电影结束的时候,天花板上的节能灯泡刷地全亮了起来,有些刺人的眼睛。香缃下意识地望向身旁的男士,未成想却遇到了他投来的目光。那是一张很有朝气的面孔,看上去不过二十七八岁,长着一双栗色的大眼睛,看上去有那么一点点地中海味,流露出智慧狡诘的目光;嘴唇的轮廓很清晰,而他使那嘴唇带着一种坚定的神态。头发长得很低,盖住了大半个额头,虽蓬乱但很有层次感。穿了一件天蓝色的衬衫,甚至扎着领带,金属的领扣随着他身体的移动被天花板上的灯光拉出一条无规则的光带。
香缃急忙避开他的目光,拉着张美逃也似的出了电影院。吹着外面微寒的秋风,她觉得脸上的热度褪了一些。商场的橱窗里陈列的电视机正在不停地播报着“今夜将有流星雨”的预告。香缃不觉停下了脚步,怔怔地望着。
张美见香缃不走了,也望向电视台的报道,看了一会儿就不耐烦起来:“在上海又看不到星星,还这样大肆地宣传干吗?”
香缃抬头看了一眼天空,那漆黑的穹幕被各种灯光交织着,夜晚也仿佛白天一样。
“记得上大学时,有一次为了看狮子座流星雨,我和于熙去了金茂大厦88层的观光厅,等到人家关门还躲在里面。结果真的看见了流星雨,可是却在那里受了一夜的冻。”
“就是因为你总是想起这些浪漫的事,你才总是忘不了于熙,也开始不了新的恋爱。”
“要是现在在敦煌就好了,在戈壁滩上,一定看得到。”
“看到又怎么样,像小姑娘那样双手合十去许愿,然后祈祷自己幸福美满?”
“许的愿根本就不灵。”香缃又摇头又摇手,仿佛要表现出深受其害的样子,“不过,像这种罕见的天文奇观,能看的话就多看看吧。”
“噢——”张美故意拉长了声音,“在敦煌遇见的那小子到底怎么样?”
“除了长得帅之外一无可取。”
“如果他长得帅,那么女人就已经有一半的意志已经接纳了他;当然,他不能有致命的缺点,比如同性恋。”

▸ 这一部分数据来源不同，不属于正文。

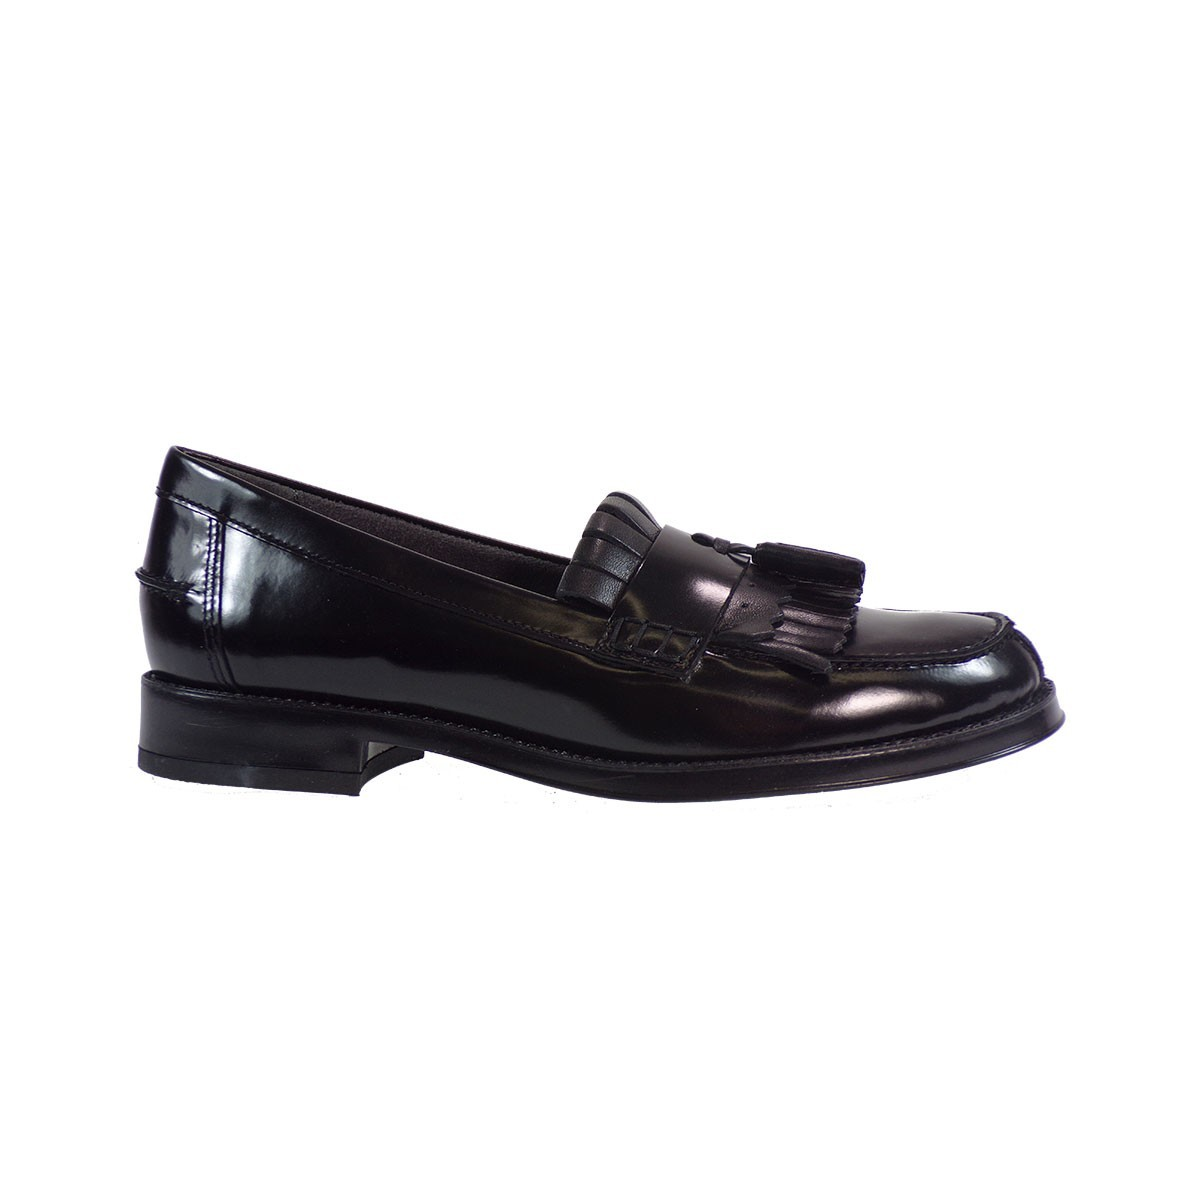 ffffd6b26e4 Aerosoles Shoes Γυναικεία Παπούτσια 86827070 Mαύρο Δέρμα – IShoeStore

香缃受不了了:“张医生,我不是你的病人,你犯不着损耗脑细胞分析我的心理。”
正说着,两人走进一家名为daybreak的西餐酒吧,挑了一个幽静的角落坐下,叫来服务员点了餐,便开始边聊天边等待。
“不过话说回来,你还那么想做摄影师吗?”张美在问。
“想做。”
张美笑笑,说:“人都说魔羯星座的女生如果要报复,一定会给对方造成深远的影响,让他感觉你如影随形,会和他选择同一行业,让他输得很难看。看来果真是如此啊!于熙刚去法国留学,你就发誓要当摄影师。”
“我想当摄影师又不是因为他。”香缃还想狡辩。
“那个在敦煌遇上的小子是干什么的?”
“好象也是搞摄影的。”
“命中注定啊。”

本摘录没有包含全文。